Veronesi e la via italiana al tragico

La forza del passato di Sandra Veronesi: uno dei romanzi più interessanti di quest’ultima stagione. Un romanzo che non risente affatto dei modelli importati d’oltreoceano ma che, al contrario, si inserisce a pieno titolo in quella tradizione “tragica” italiana che da Pirandello scende giù giù sino a Gadda passando attraverso Svevo. Ed è proprio con il personaggio di Zeno Cosini che Gianni, il protagonista del nostro romanzo, sembra avere percepibili rapporti di parentela e affinità elettiva.
 
«Questo sollievo antico, popolare, profondamente italiano…». Così commenta le sue corse cittadine in vespa, con il venticello a quaranta all’ora, il protagonista del romanzo italiano più interessante di questa stagione, La forza del passato di Sandro Veronesi. Ma anche questo stesso romanzo è, a suo modo, “profondamente italiano”, ben collocato dentro una tradizione letteraria nazionale, anche alta.

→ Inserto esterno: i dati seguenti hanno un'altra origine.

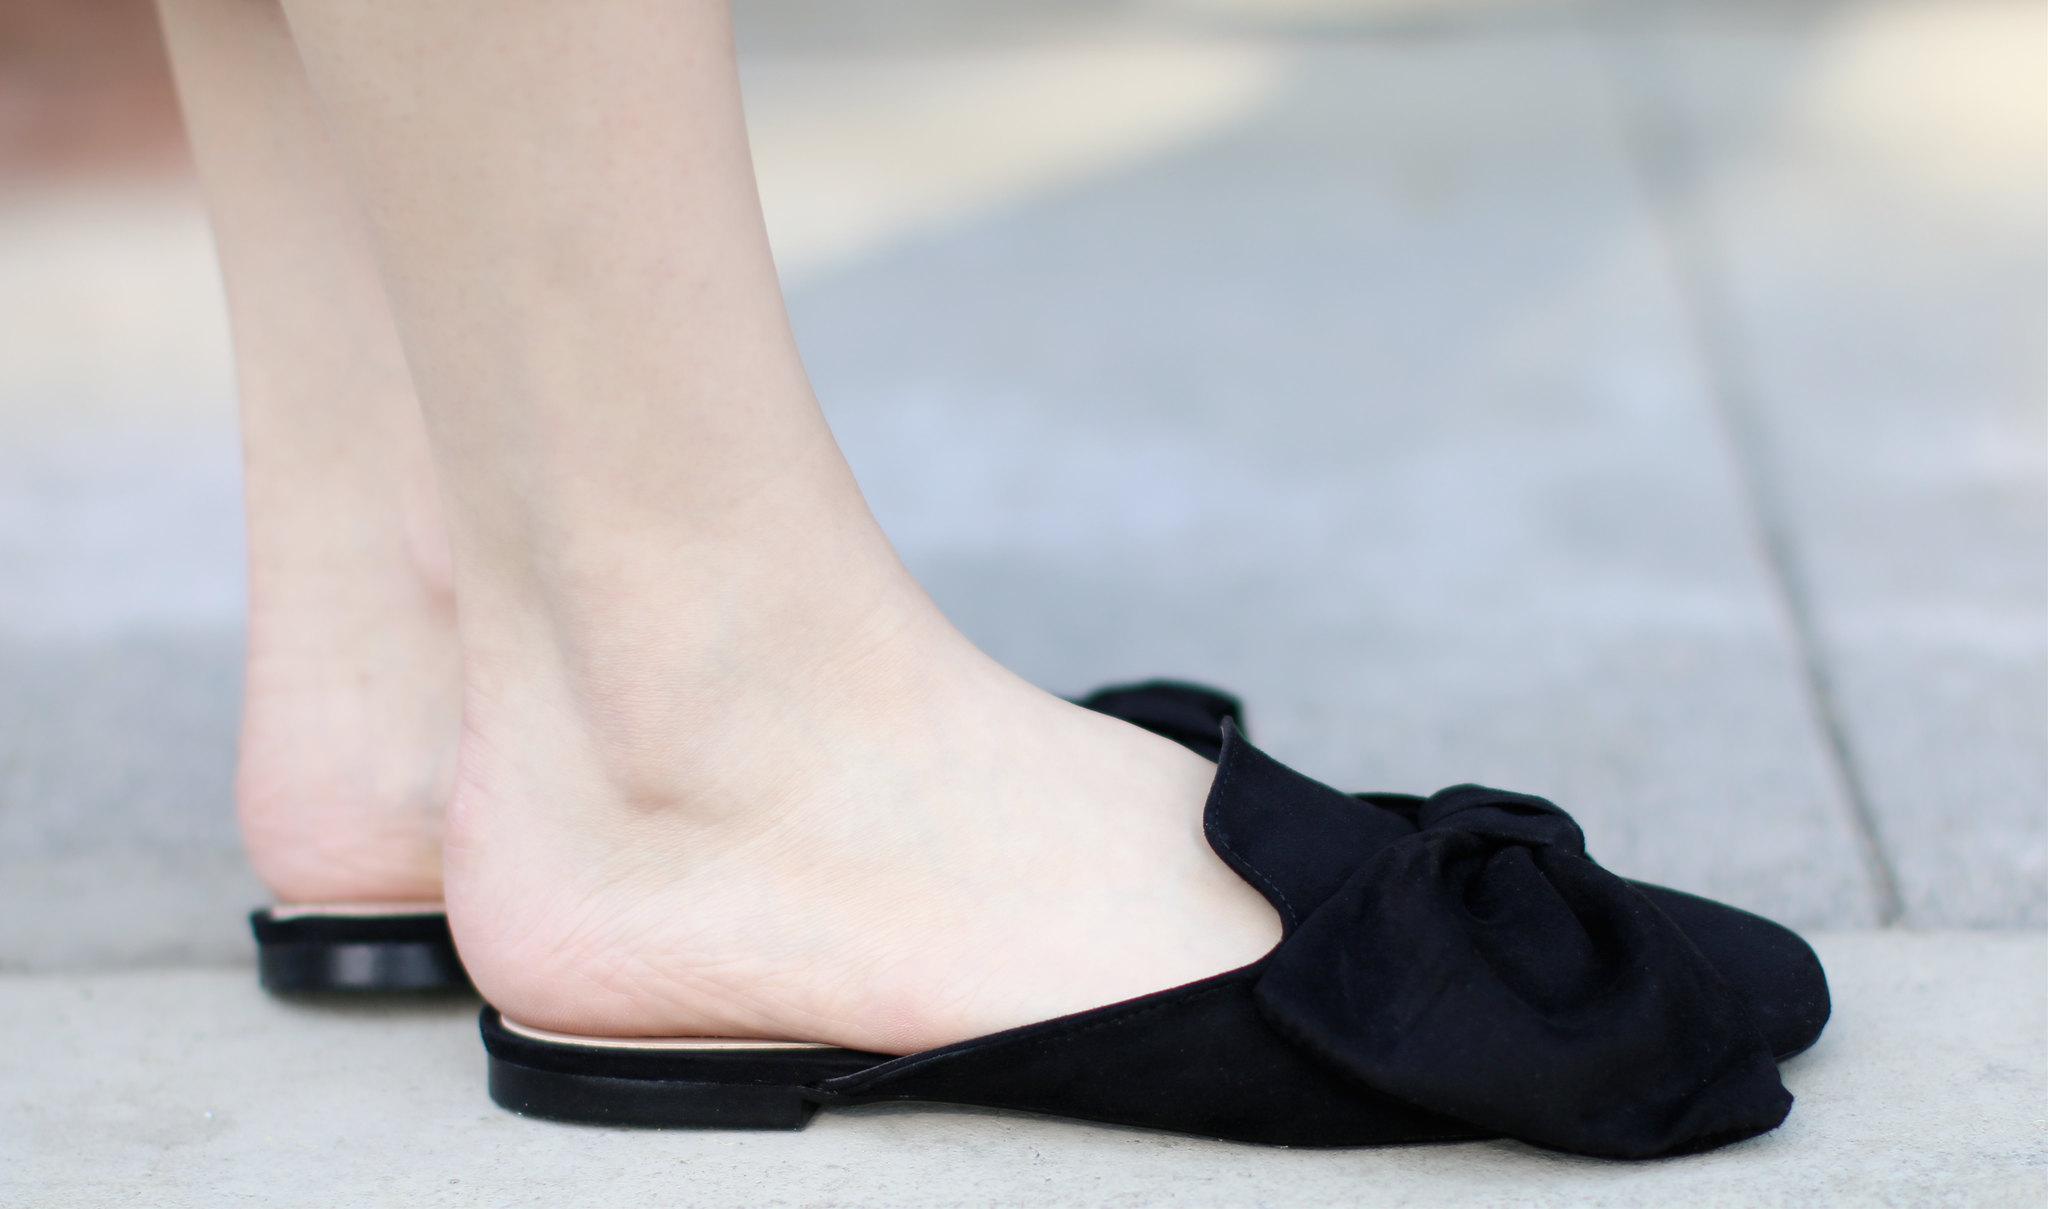 5273-ootd-fashion-style-outfitoftheday-wiwt-streetstyle-owlxfish-f21xme-romper-jumpsuit-bohochic-bershka-zara-summer-elizabeeetht-clothestoyouuu

Non si rifà a gelidi minimalismi d’oltreoceano, non copia improbabili barocchismi esotici, non si avventura in una letteratura “di genere” per noi ancora molto estranea. Si potrebbe perfino parlare di una “via italiana al tragico”, di una modalità cioè impervia, paradossale, che tenta faticosamente di scavarsi una propria via dentro la cultura del Bel Paese, dove appunto il tragico è quasi sempre stato rimosso, eluso, in nome del canto e della messinscena divertita dell’esistenza, attraverso l’ assunzione di maschere assai duttili. Si tratta ovviamente di un tentativo che accomuna alcuni dei grandi libri del Novecento italiano, anche molto diversi tra loro: per citare due nomi sommi, Pirandello e Gadda hanno a che fare entrambi con un qualche imbrigliamento del tragico, attraverso l’umorismo o attraverso la destrutturazione Iudica-aggressiva della lingua. Ma, se dobbiamo individuare una tradizione, il romanzo di Veronesi può essere assodato, naturalmente con molta prudenza e infinito senso delle proporzioni, alla Coscienza di Zeno (entrambi raccontati in prima persona, come una sorta di diario), a partire soprattutto dalla analogia tematica, assai vistosa e probabilmente non casuale, tra i due diversi tentativi (vani) da parte dell’io narrante di smettere di fumare (benché Zeno non si sia iscritto mai a una associazione di alcolisti anonimi… ); e anche considerando la tonalità, comune a entrambi, di commedia esistenziale. In particolare due sono gli aspetti di questi romanzi, su cui vorrei soffermarmi in riferimento alla questione del tragico.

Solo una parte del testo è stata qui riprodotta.